Quelle que soit la perspective théorique adoptée, il s’avère néanmoins que la prise en compte des états mentaux d’autrui n’est pas mise en œuvre de manière routinière. Spontanément, les adultes ont en effet tendance à considérer que les autres ont les mêmes connaissances et croyances que les leurs. Cette habilité, pourtant maîtrisée par les adultes n’est pas utilisée systématiquement, sans doute parce qu’ils se réfèrent de manière privilégiée à leur propre point de vue, qui est plus directement accessible (Keysar, Lin & Bar, 2003).

Dans les deux cas, l’expérience d’empathie est facilitée par la ressemblance avec autrui (de Vignemont, 2008 ; Harold, 2000), que ce soit au niveau des expériences vécues ou de la culture (Decety, 2004).

2.2.3.1.3 Personas et empathie dans la littérature

Après avoir cerné la notion d’empathie et précisé les modalités selon lesquelles le processus d’empathie peut se dérouler, nous sommes en mesure de rendre compte de la manière dont les personas sont envisagés dans la littérature, en lien avec l’empathie.

Il ressort que les auteurs envisagent le processus empathique dans sa globalité. Les personas, en tant que déclencheurs de ce processus favoriseraient :

- La compréhension profonde des utilisateurs ; - L’adoption de leurs points de vue ;

- La simulation des besoins des utilisateurs, dans des situations nouvelles. Ainsi, ce serait effectivement l’empathie, en tant que capacité à comprendre et à prévoir des comportements, qui serait mobilisée quand il s’agit d’identifier les désirs et frustrations d’utilisateurs modèles et d’anticiper leurs réactions. L’empathie est alors envisagée en tant que « vecteur de connaissances sur le monde » (Jorland, p.180), permettant de guider la réflexion dans les situations incertaines.

Le tableau ci-contre (tableau 7) résume les références au processus empathique déclenché par les personas.

Le rôle

facilitateur de la similitude.

La compréhension

Norman, 2004a, p. 155

« L’avantage essentiel des personas réside dans leur capacité à introduire de l’empathie et de la compréhension envers les individus qui utilisent le produit. (…) Par empathie, je veux dire une compréhension et une identification avec les utilisateurs. »

Antle, 2003, p.29

« Par-dessus tout, les personas ont aidé notre équipe à avoir de l’empathie une compréhension profonde envers notre public cible. »

L’adoption du point de vue de l’utilisateur

Maness, Miaskiewicz & Sumner, 2008, p. 2

« Un bénéfice essentiel des personas réside dans le fait qu’ils procurent de l’empathie envers les cibles d’utilisateurs.
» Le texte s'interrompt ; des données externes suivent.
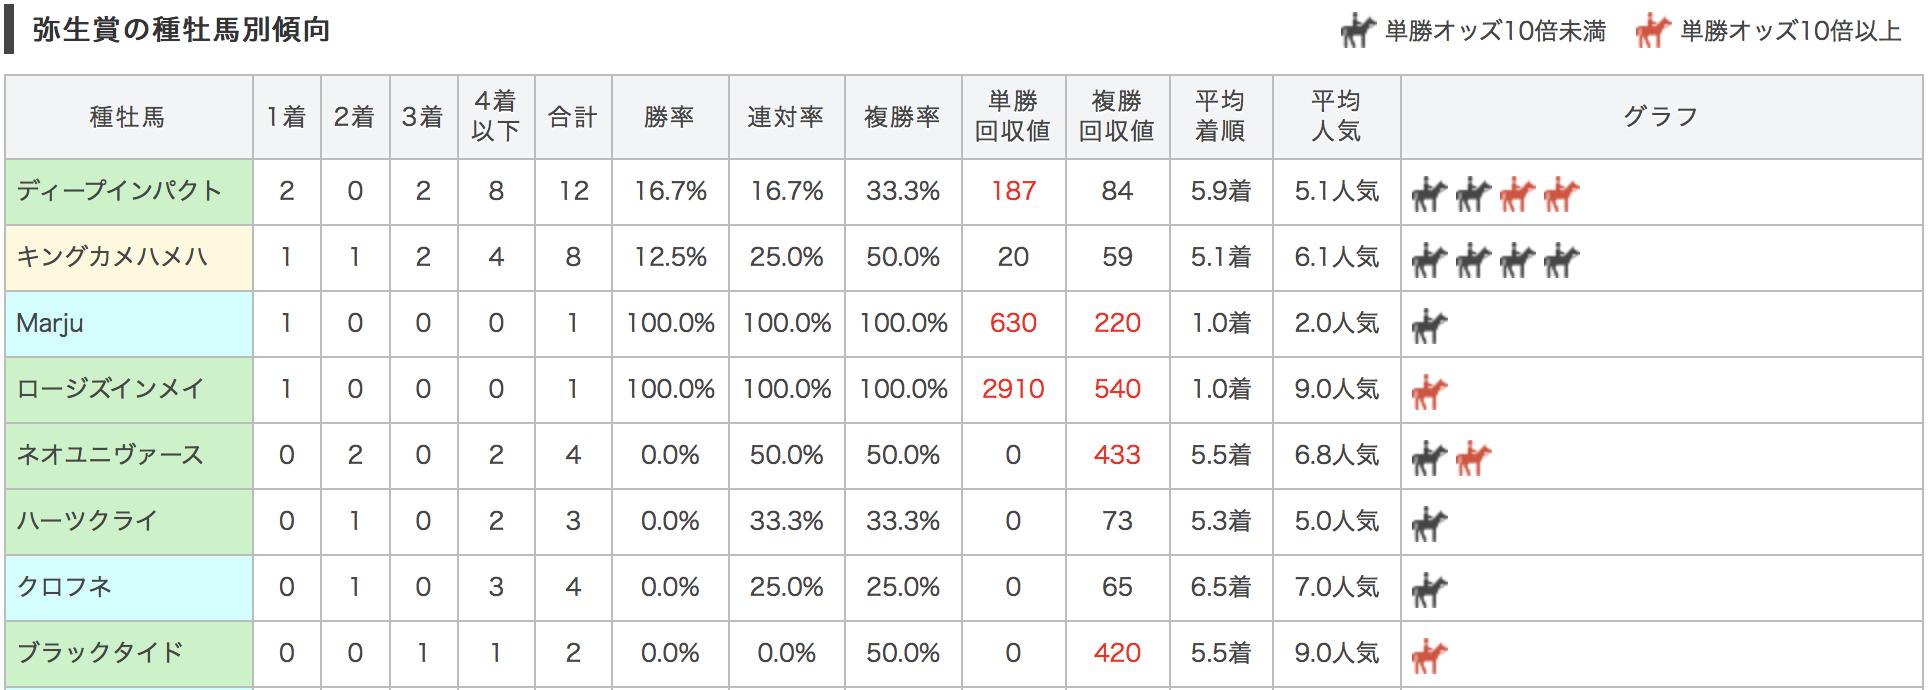 弥生賞2017種牡馬別データ

Au travers d’un support narratif, les personas aident à surmonter notre tendance naturelle à être centré sur nos propres besoins et préférences. »

La simulation des besoins

Rind, 2007, p.3 « Une fois que les développeurs apprennent à connaître ces exemples d’utilisateurs choisis avec soin, ils gagnent la capacité à se mettre eux-mêmes à la place de ces personas. Cette nouvelle empathie leur permet de (…) »

Grudin & Pruitt, 2002, p. 147-148

« Un designer, un développeur ou une personne en charge des tests peut

connaître, par intuition, le comportement, dans des situations nouvelles, des personnes sur lesquelles le persona est basé. »

« Les personas utilisent la capacité puissante de notre esprit à extrapoler à partir d’informations partielles sur des personnes, à créer des

ensembles cohérents et à les projeter dans des situations et environnements nouveaux. »

Tableau 7. Références au processus empathique qui serait déclenché par les personas9.

Personnages fictifs dotés d’un système de croyances et de désirs, les personas peuvent donc être envisagés en tant qu’éléments déclencheurs du processus d’empathie, contrant notre tendance naturelle à confondre nos croyances avec celles des autres (Keysar, Lin & Barr, 2003). Ils seraient susceptibles de favoriser un processus de simulation mentale, impliquant un changement de perspective, et donc la compréhension, l’anticipation des besoins des utilisateurs. Ils s’appuieraient alors, d’une part sur notre flexibilité mentale, qui correspond à une capacité à changer de tâche ou de stratégie (Decety, 2004) et, d’autre part, sur notre capacité d’imagination (Pacherie, 2004).